One Body
From TABLETALK
Men can be quite competitive. When a group of men gets together, they will often try to one-up one another in terms of ability, intellect, or achievements. This is often good-natured, as the men encourage one another to excel in whatever they’re engaging in at the time.
I participate in a free men’s outdoor workout group. Men of all ages and athletic ability participate. One of the great things about it is the support that the men give to one another. It is part of the group’s ethos that we do not compete with one another; we compete with ourselves, striving to get just a bit better every day. And the men bear this principle out. We congratulate one another just for showing up and putting in the effort, and we recognize one another’s achievements with commemorative patches and fire emojis and fist-bumps.
Christians are likewise called to celebrate one another, and we are so called for one very important reason. This reason is hinted at in the opening to the Lord’s Prayer. In Matthew 6, Jesus teaches His disciples to pray, beginning by saying, “Our Father” (v. 9).
Much could be said about the privilege we have of addressing God as “Father”—chiefly the peace with and access to God that we now have as His adopted children—but we might easily miss the implications of the word “our.” The Westminster Shorter Catechism says that this opening address teaches us that “we should pray with and for others” (Q&A 100). God is not merely “my Father”; He is “our Father.”
Being saved through the election of the Father, the work of the Son, and the calling of the Holy Spirit means that we are “received into the number, and have a right to all the privileges, of the sons of God” (WSC 34). Being adopted in Christ means not only that we have God as our Father but that we have other Christians as our brothers and sisters.

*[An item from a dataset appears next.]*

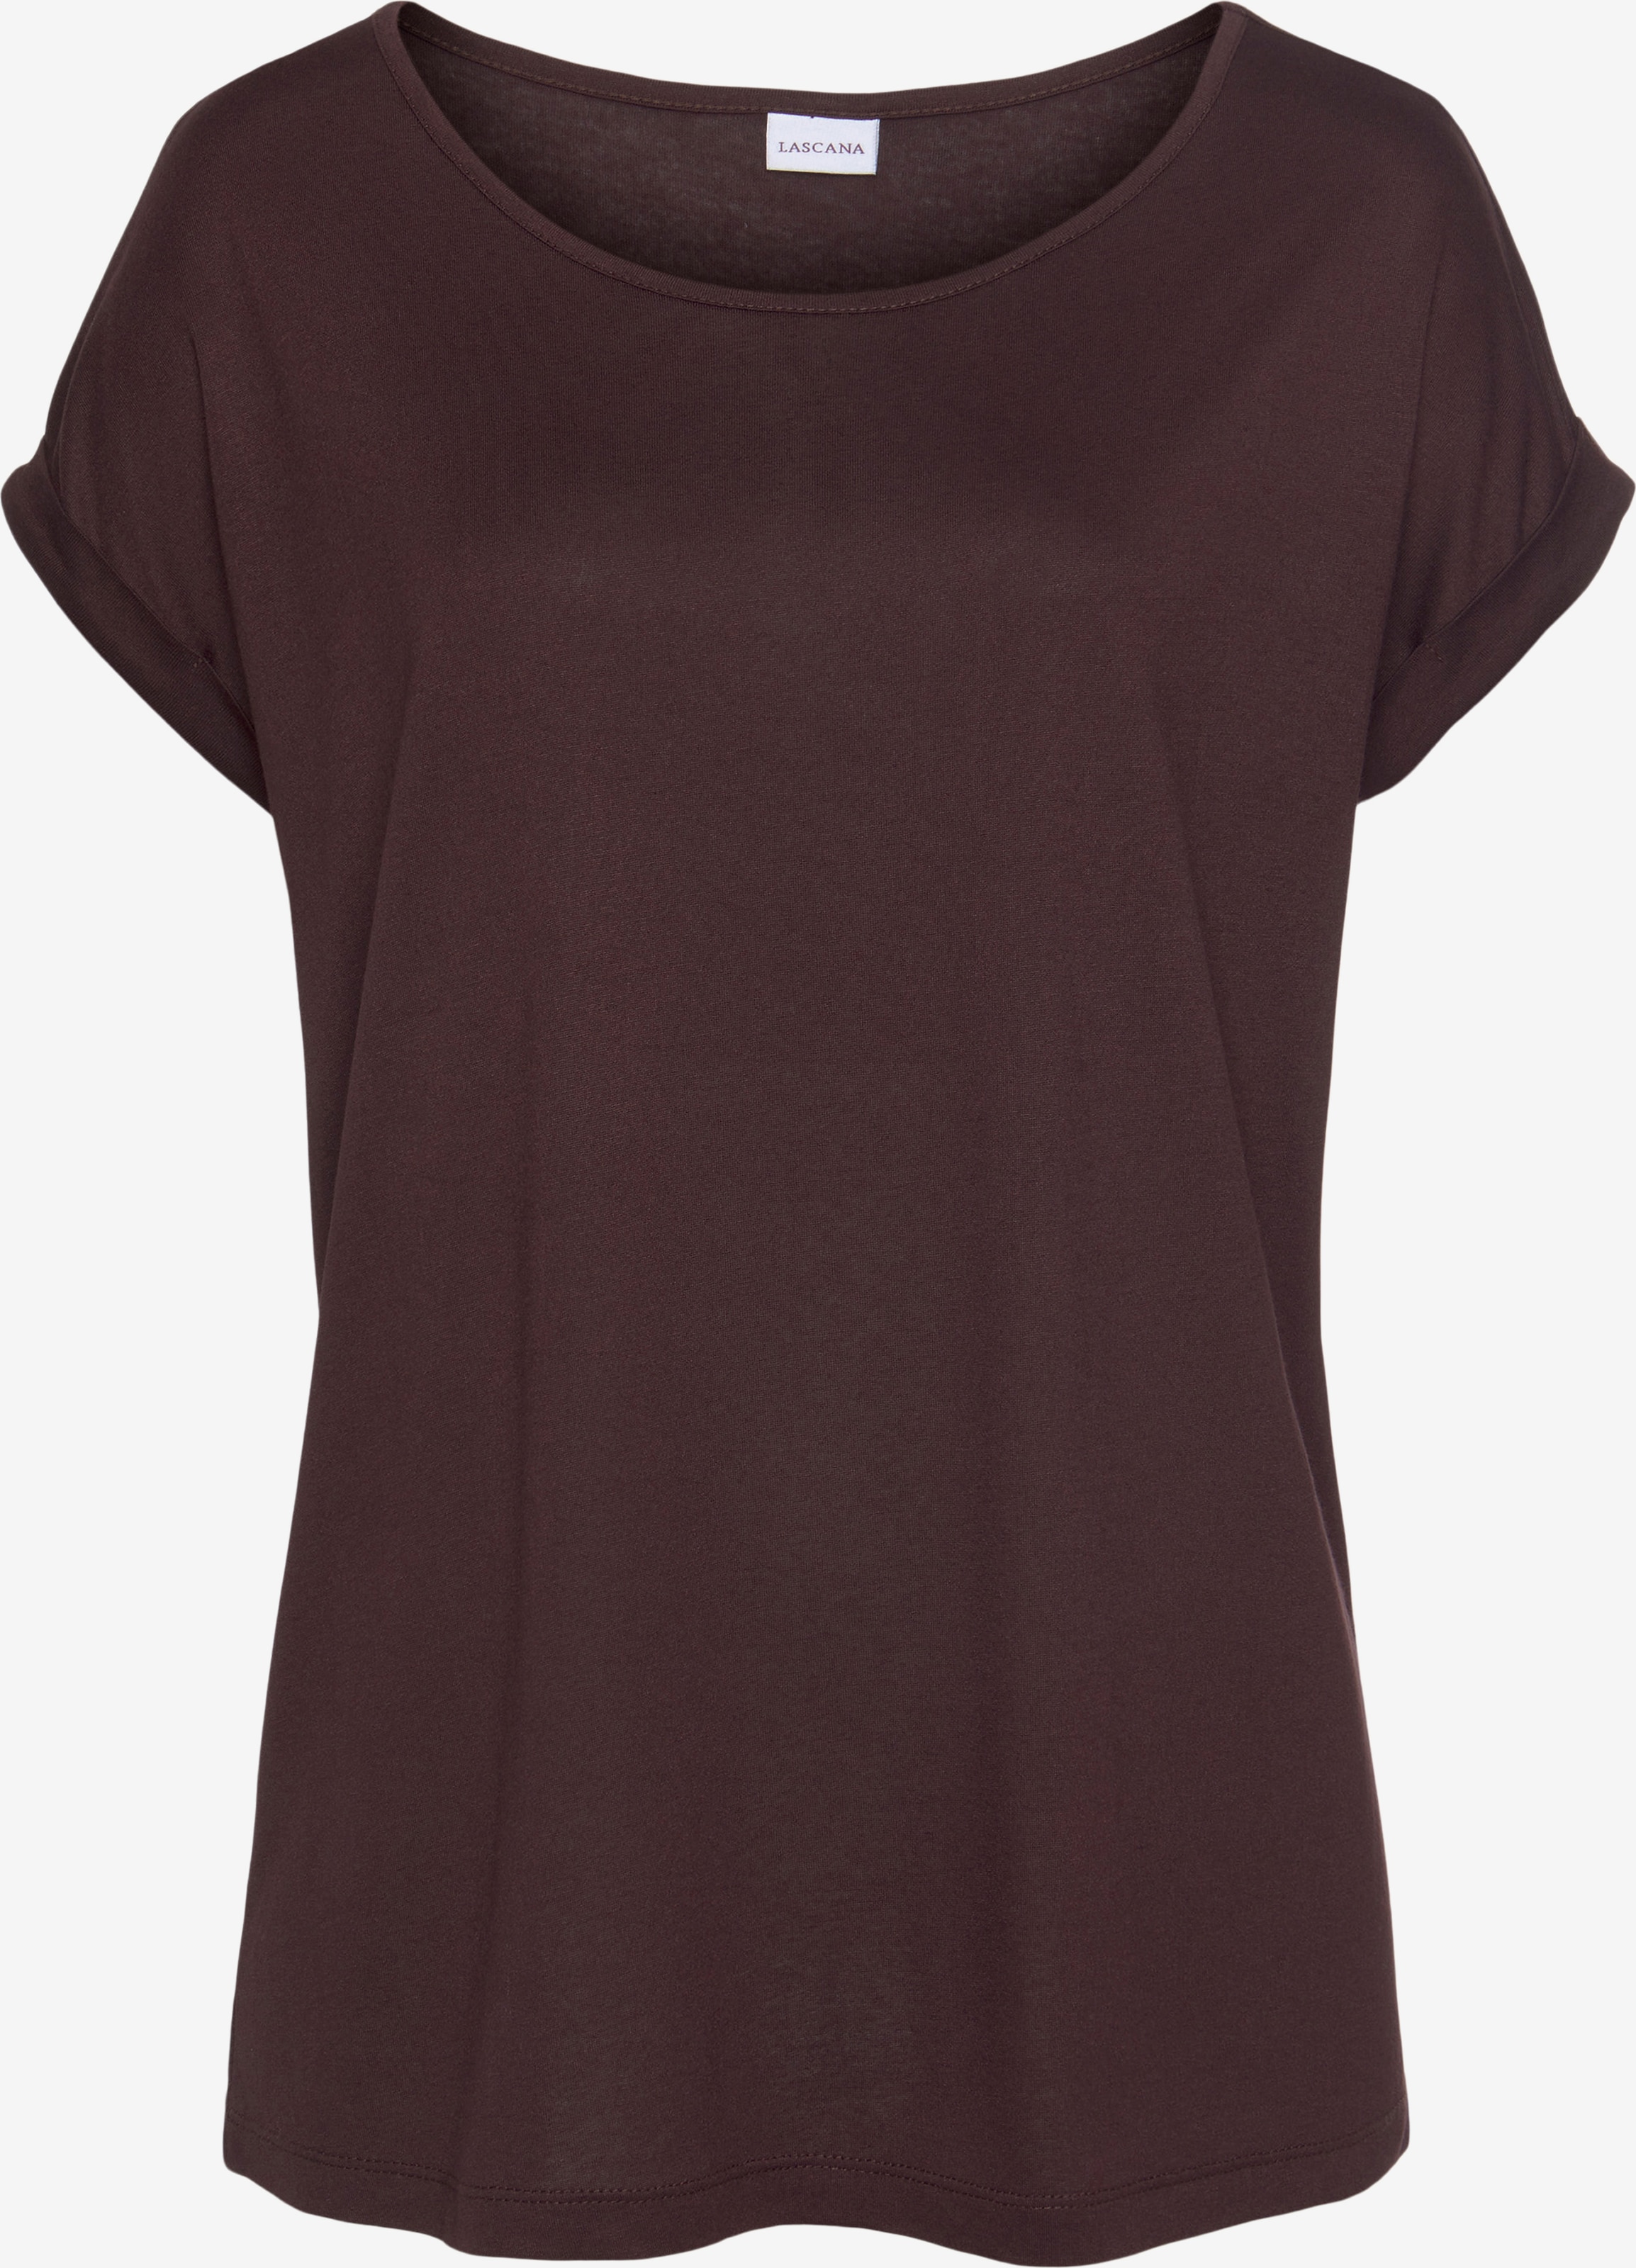 LASCANA Shirt in Aubergine | ABOUT YOU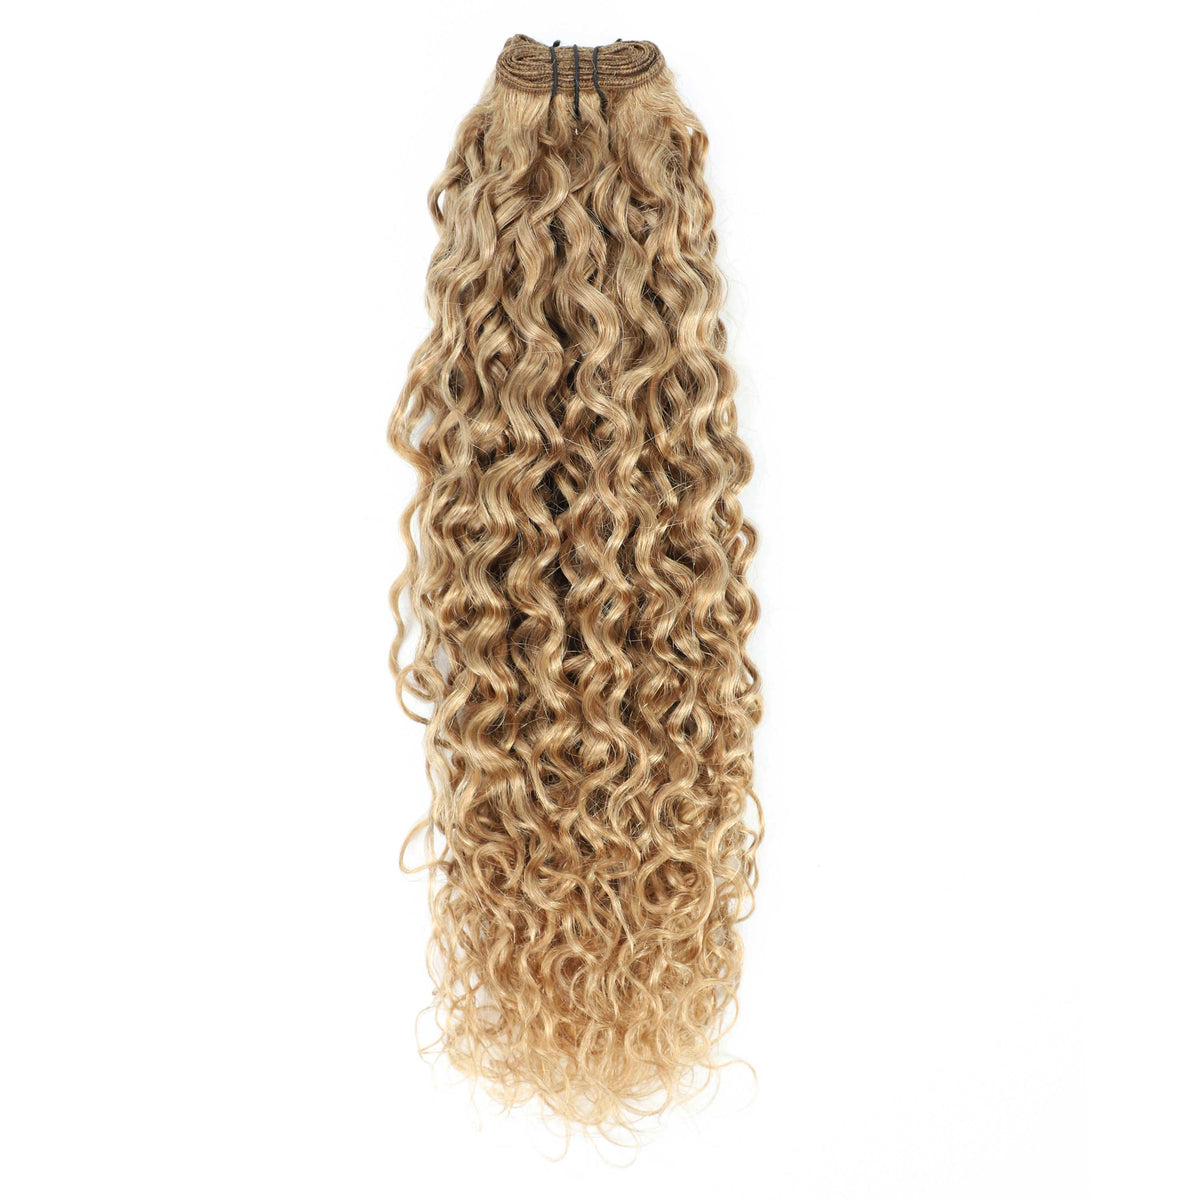 Weft Curly Hair Extensions 21" #16 Natural Blonde

As part of one family, we now owe one another certain things. The Westminster Confession of Faith states that Christians “have communion in each other’s gifts and graces, and are obliged to the performance of such duties, public and private, as do conduce to their mutual good, both in the inward and outward man” (26.1). As members of the one family of God, we seek one another’s good.
Yet we are not only part of one family; we are also part of one body (Rom. 12:4–5; Eph. 1:23). One part of the body does not deprecate or seek to destroy another, for to do so would tend to its own destruction. Rather, each part of the body desires to build up the others, for that tends toward the health of the whole body. Likewise, we as Christians are called to seek the good of our fellow believers, to support them in their sorrows, and to celebrate their successes, as Paul says: “If one member suffers, all suffer together; if one member is honored, all rejoice together” (1 Cor. 12:26). For in this way, we fulfill the purpose of and give glory to the One who has united us to Himself and to one another in love.
Rev. Kevin D. Gardner is associate editor of Tabletalk magazine, resident adjunct professor at Reformation Bible College in Sanford, Fla., and a teaching elder in the Presbyterian Church in America.